Cultural significance
Freising is one of the oldest settlements in Bavaria, becoming a major religious centre in the early Middle Ages. It is the centre of an important diocese. 
Some important historical documents were created between 900 and 1200 in its monastery:
 Freising manuscripts written in Slovenian, being the first Roman-script continuous text in a Slavic language
 Chronicle or history of the two cities by Otto of Freising

The above and other scripts from that time can be found in the "Bayerische Staatsbibliothek" (Bavarian State Library) in Munich.

History
Even though archaeological finds show that the area was settled in the Bronze Age, no proof has been found yet to suggest a continuous settlement until the 8th century AD. 

In 724 AD, the Frankish Saint Corbinian was sent to Bavaria by the Catholic Church to spread Christianity. On a mountain near Freising, where there was already a sanctuary, Corbinian erected a Benedictine monastery and a school. According to his Vita by Bishop Arbeo, Corbinian was on his way to Rome when his packhorse was attacked and killed by a wild bear. By divine power, Corbinian ordered the bear to carry his luggage over the Alps. When he finally arrived in Rome he let the bear free. The saddled bear is still the symbol of the city, displayed in the coat of arms, as well as statues and paintings. After Corbinian's death, Saint Boniface established Freising as a Catholic diocese. Between 764–783, Bishop Arbeo founded a library and a scriptorium (writing room) at the abbey. The settlement started to become a religious centre.

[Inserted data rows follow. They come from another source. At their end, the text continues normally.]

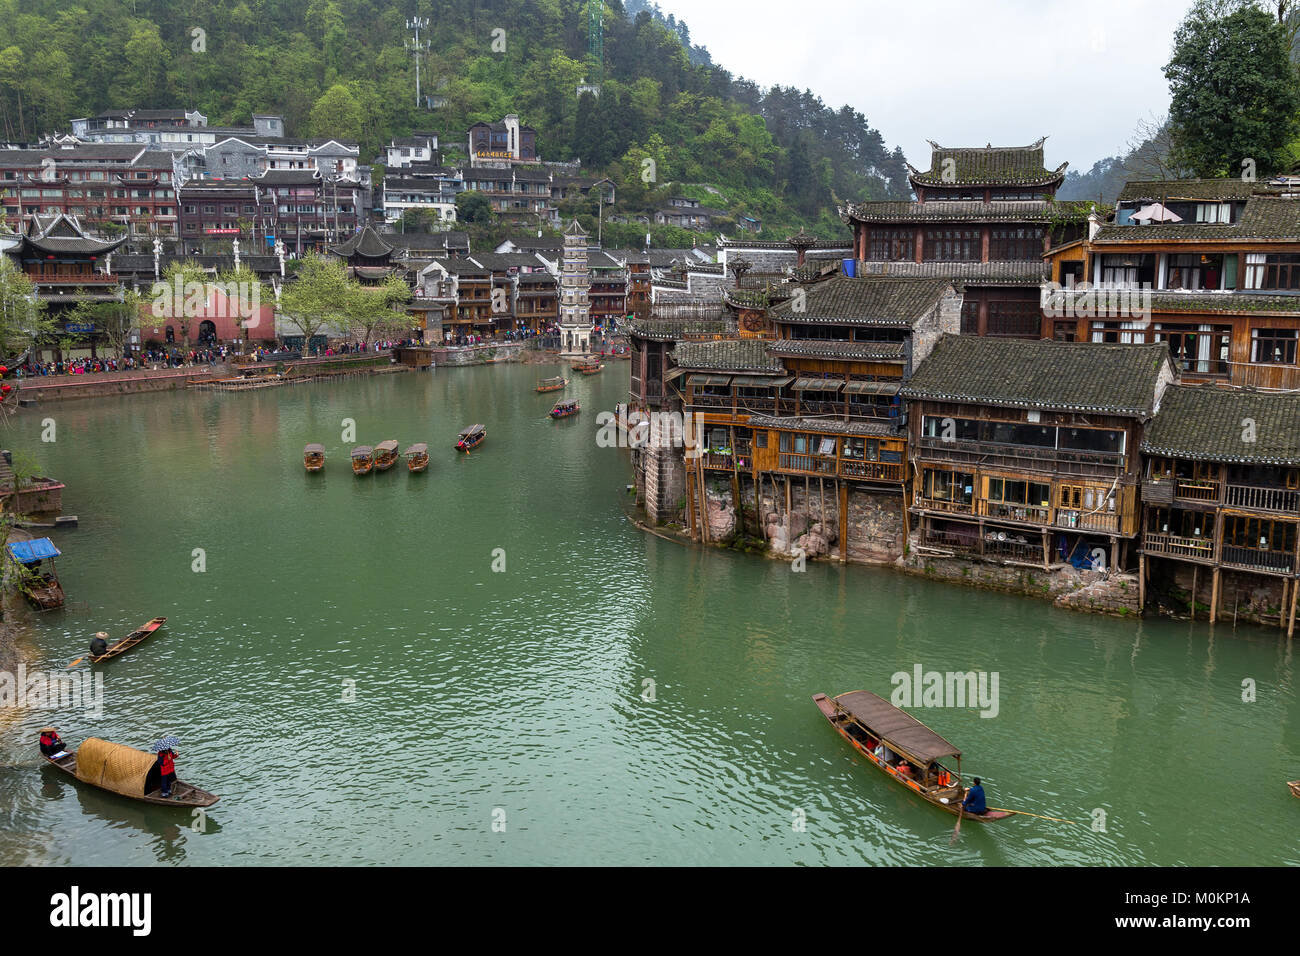 Old Houses on the river in Fenghuang Ancient town, Hunan province, China. This ancient town was added to the UNESCO World Heritage Tentative List in t Stock Photo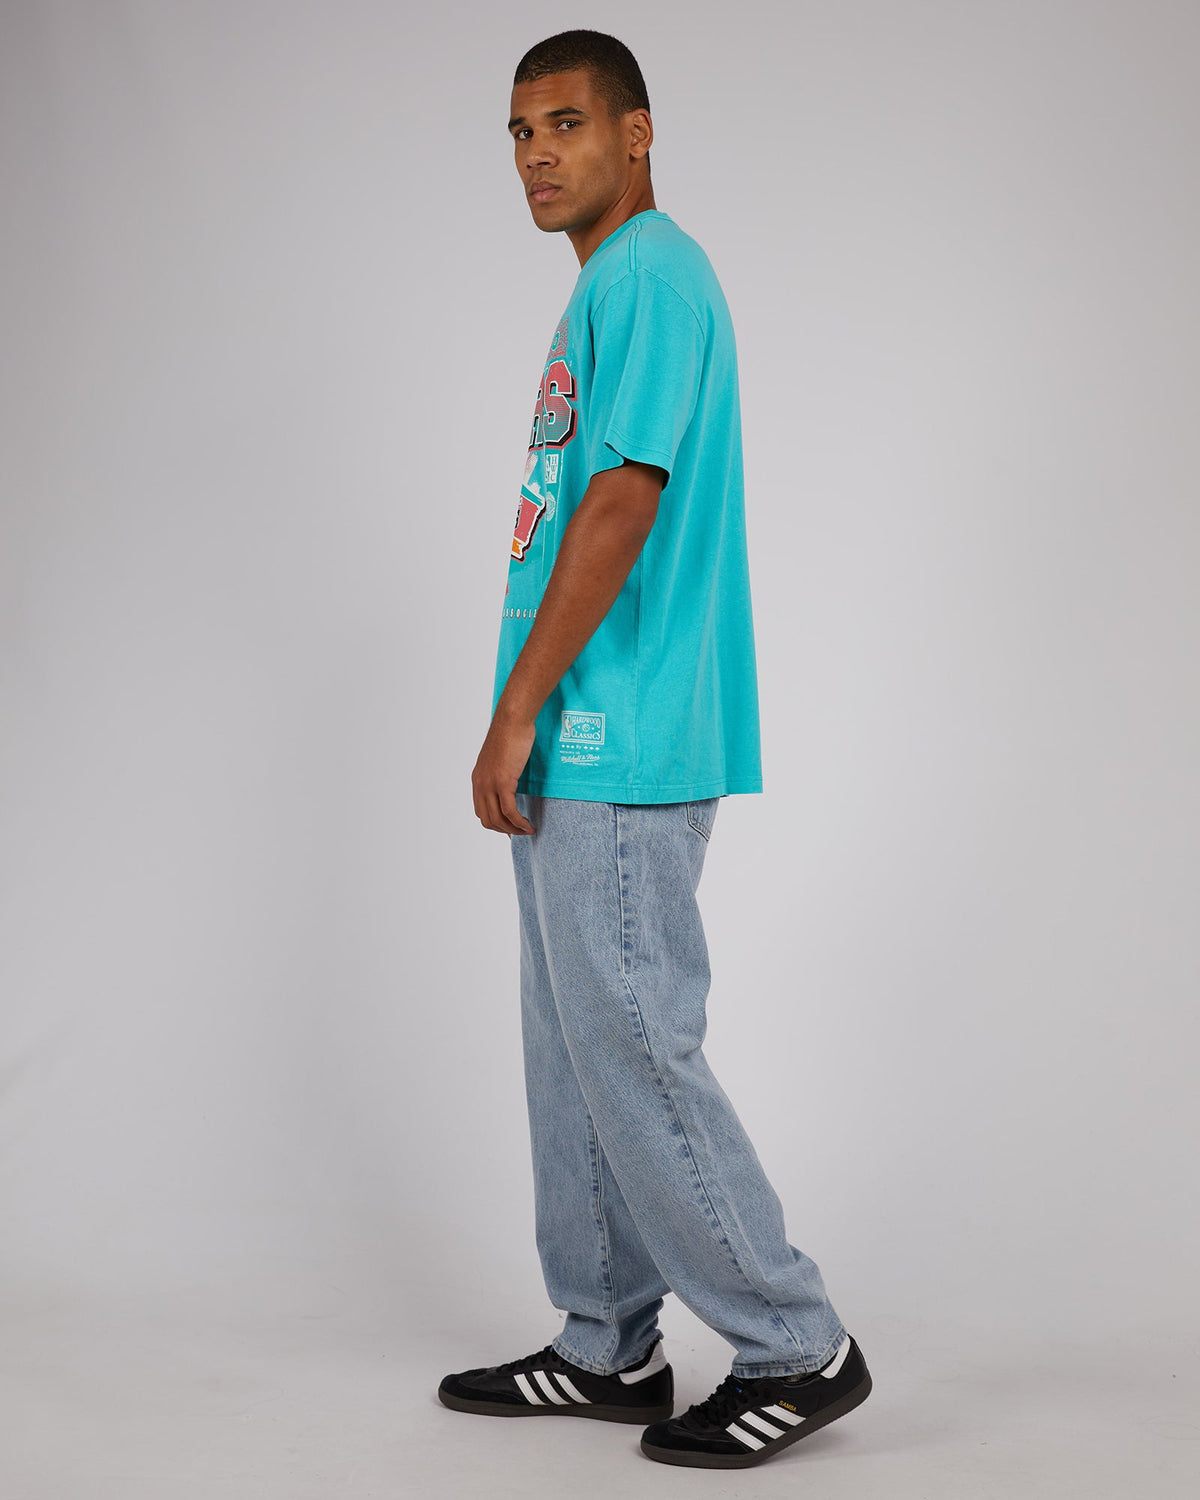 Mitchell &amp; Ness-Brush Off Tee Spurs Teal-Edge Clothing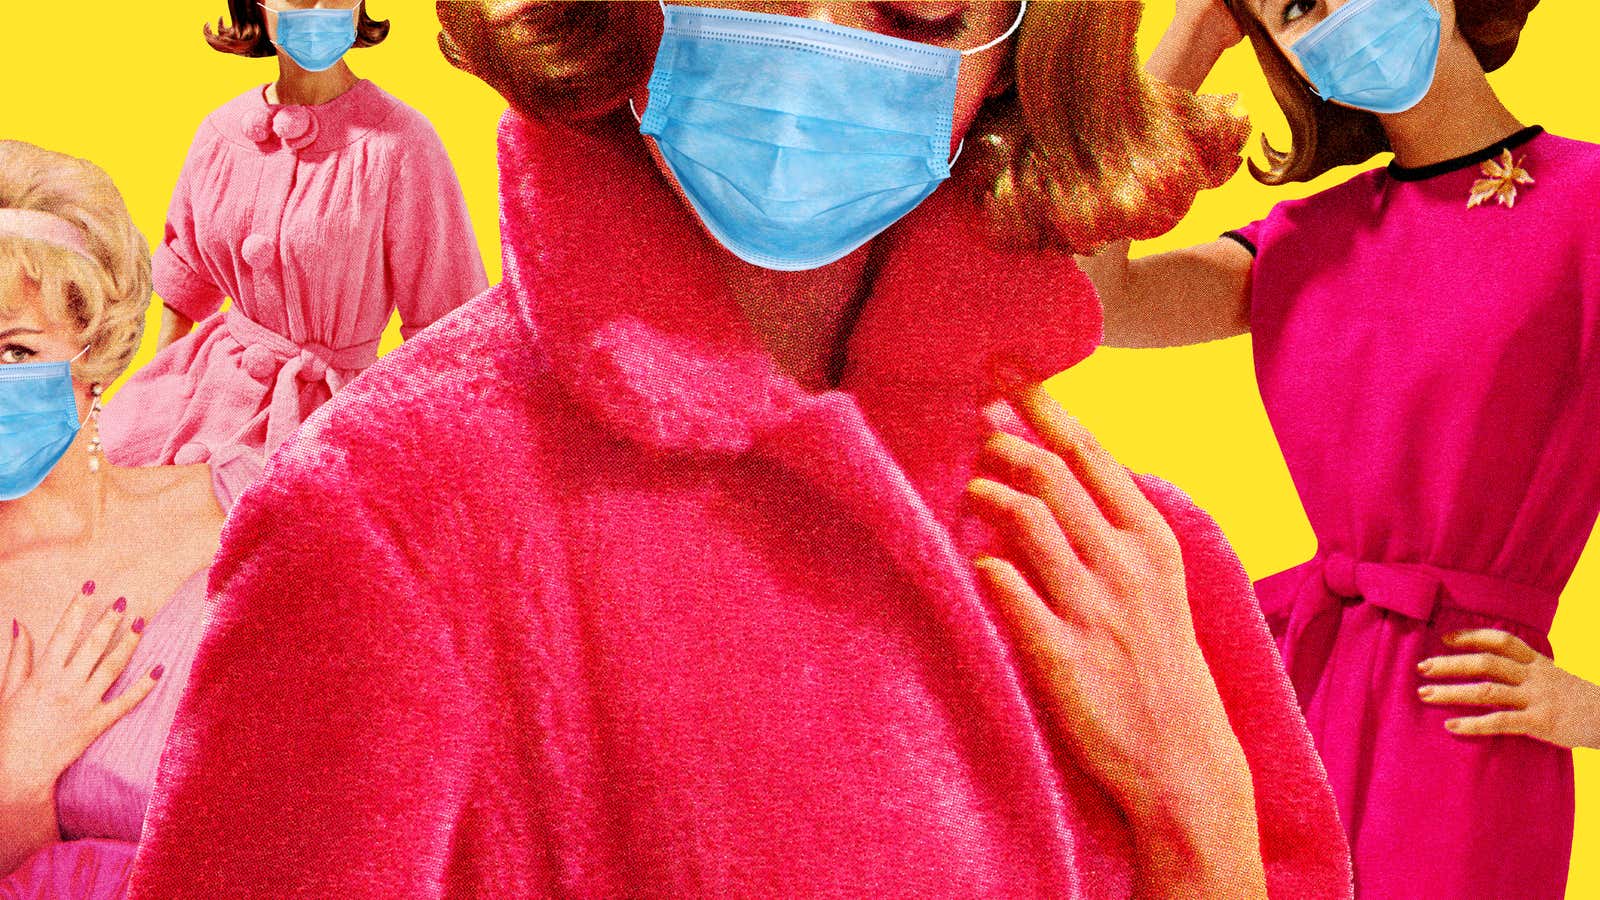 How the Fashionable Face Mask Became a Symbol of Class

The earliest recorded tornado in Europe struck Freising in 788.

The mortal remains of Pope Alexander I are said to have been transferred to Freising in 834. In 996, Freising received city rights from Emperor Otto III.

As early as the 10th century, in order to collect additional revenue, monks were sent from Freising down the Isar River to build a toll bridge on the Salt Road between Salzburg and Augsburg. This village would be later known as München (or Munich, which means 'of the monks'). By 1158, Duke Henry the Lion destroyed the bridge and customs building and built new ones closer to his home further downriver, (near the center of modern downtown Munich), so that he could collect the revenue instead.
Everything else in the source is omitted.